WORK REQUIRED: Repeat all of the data word for word so that only the pictures are missing from the copy.

DATASET SECTION:

= = = = = = =

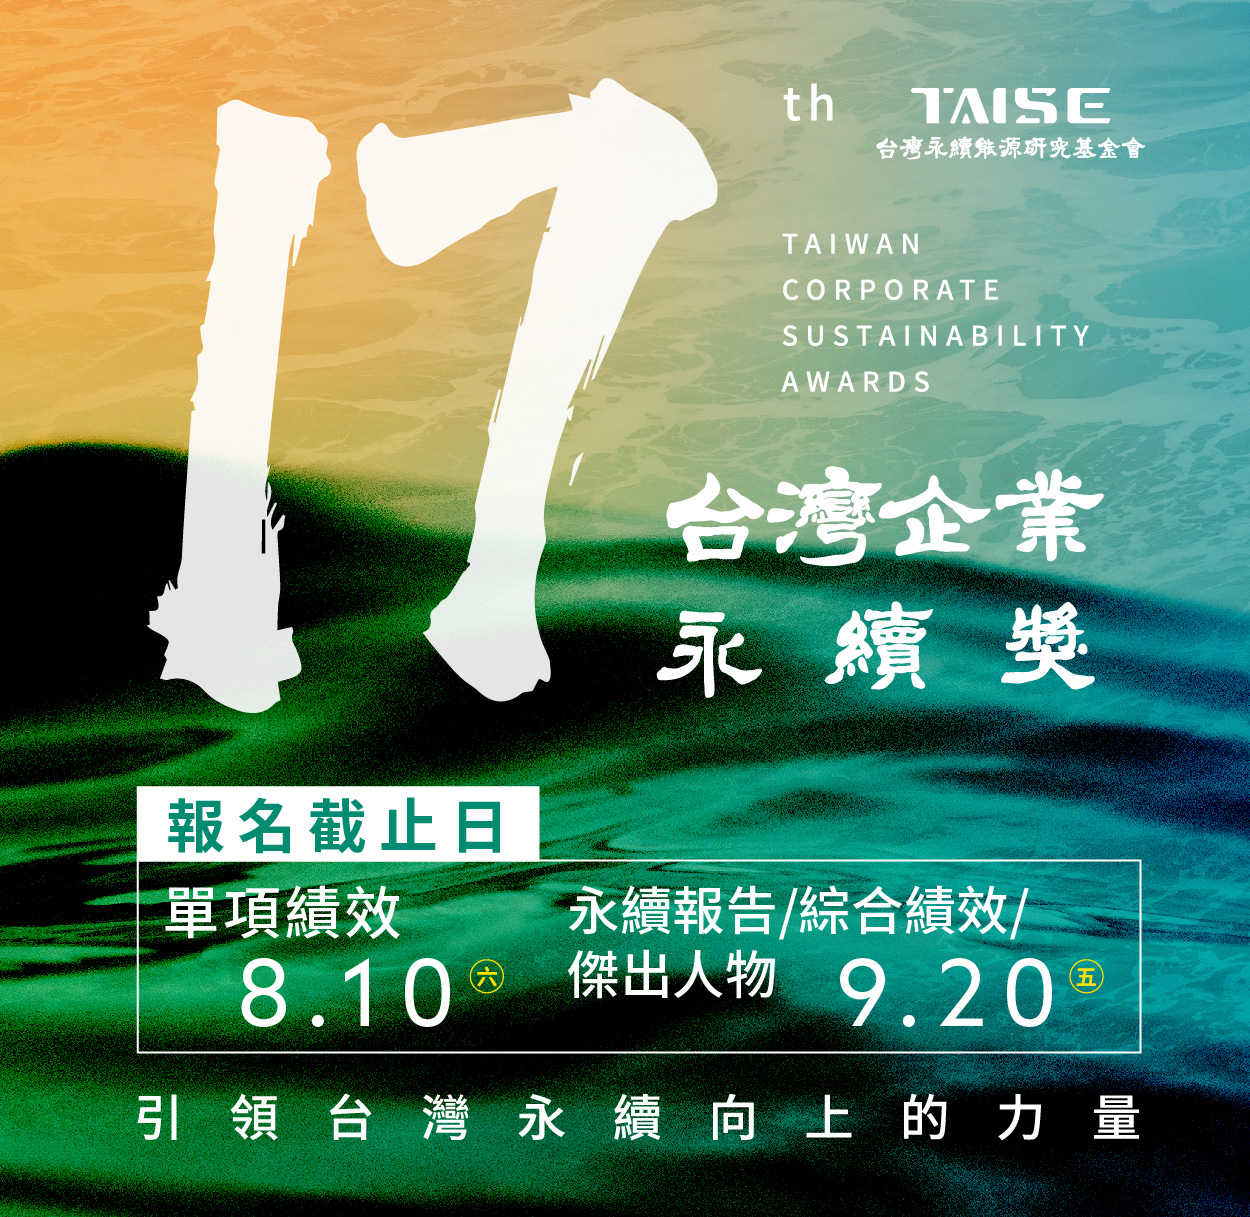 2024年 第17屆 TCSA台灣企業永續獎 開放報名  
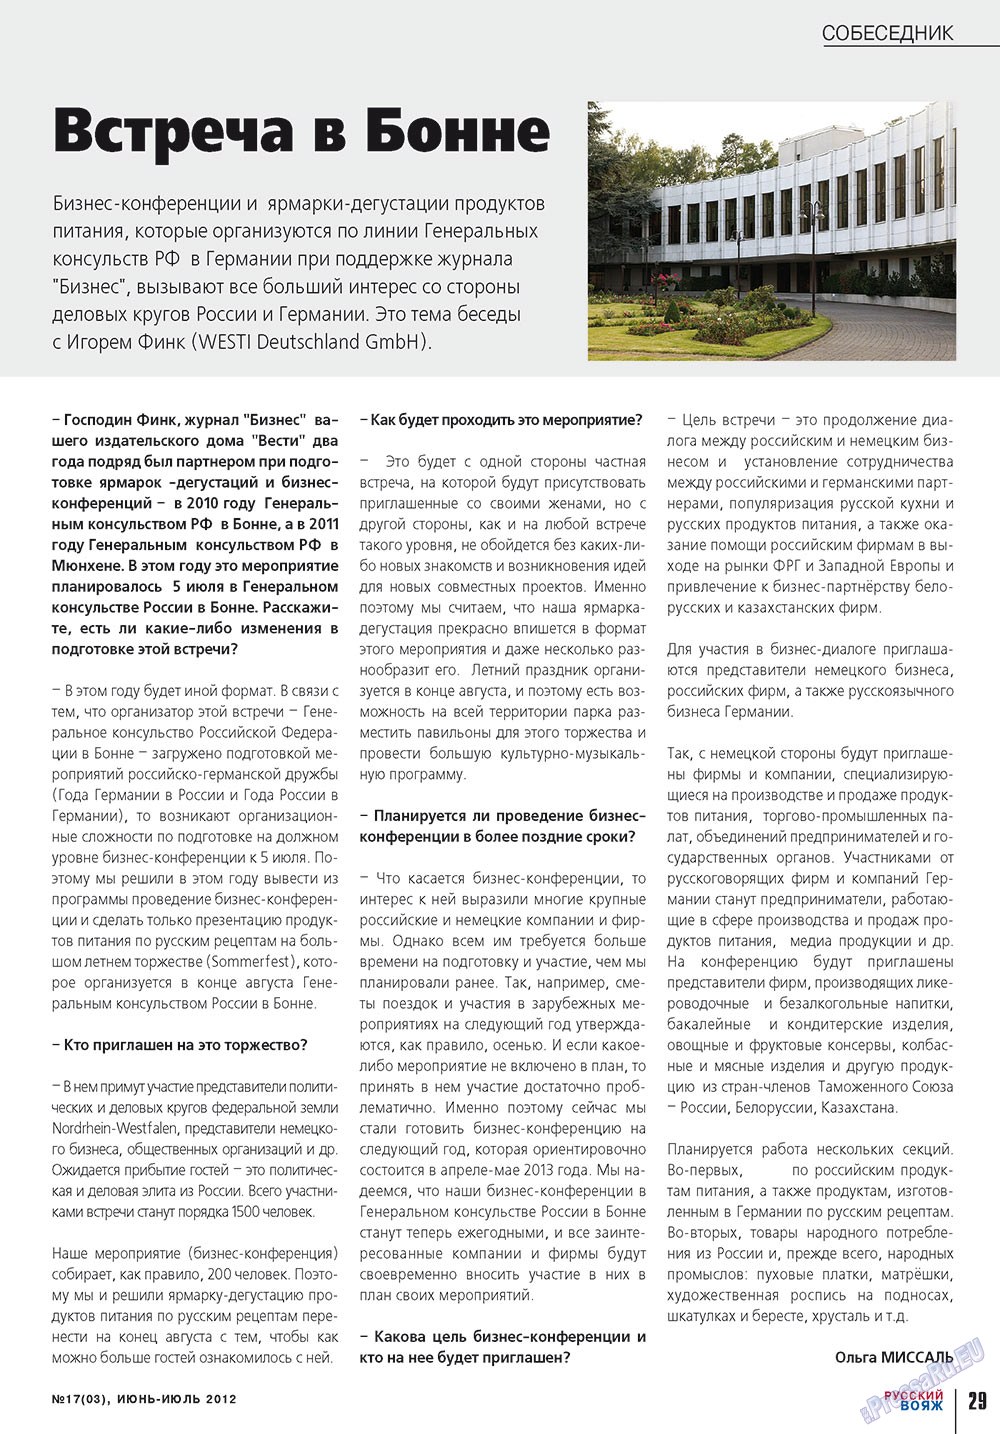 Русский вояж, журнал. 2012 №17 стр.29
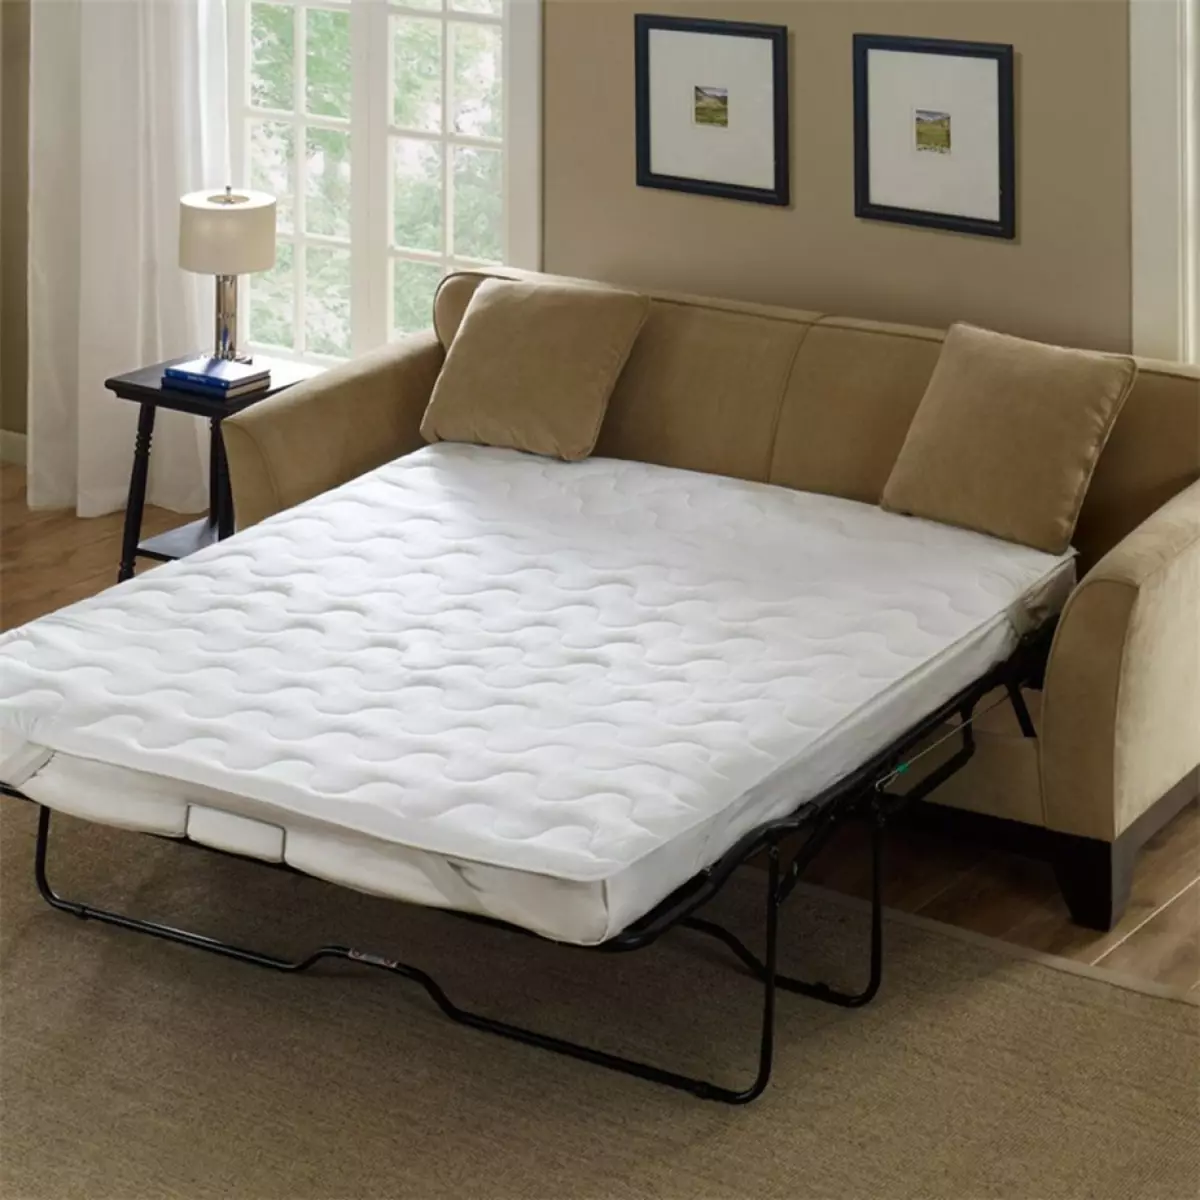 أريكة سرير مع فراش العظام: اختر للاستخدام اليومي بدء تنفيذ وقابلة للطي أريكة مع الربيع وفراش التشريحية 8999_8

= = = = = = =

RESULT OF THIS EXERCISE:
 2024年 第17屆 TCSA台灣企業永續獎 開放報名  
 Русский вояж, журнал. 2012 №17 стр.29
 أريكة سرير مع فراش العظام: اختر للاستخدام اليومي بدء تنفيذ وقابلة للطي أريكة مع الربيع وفراش التشريحية 8999_8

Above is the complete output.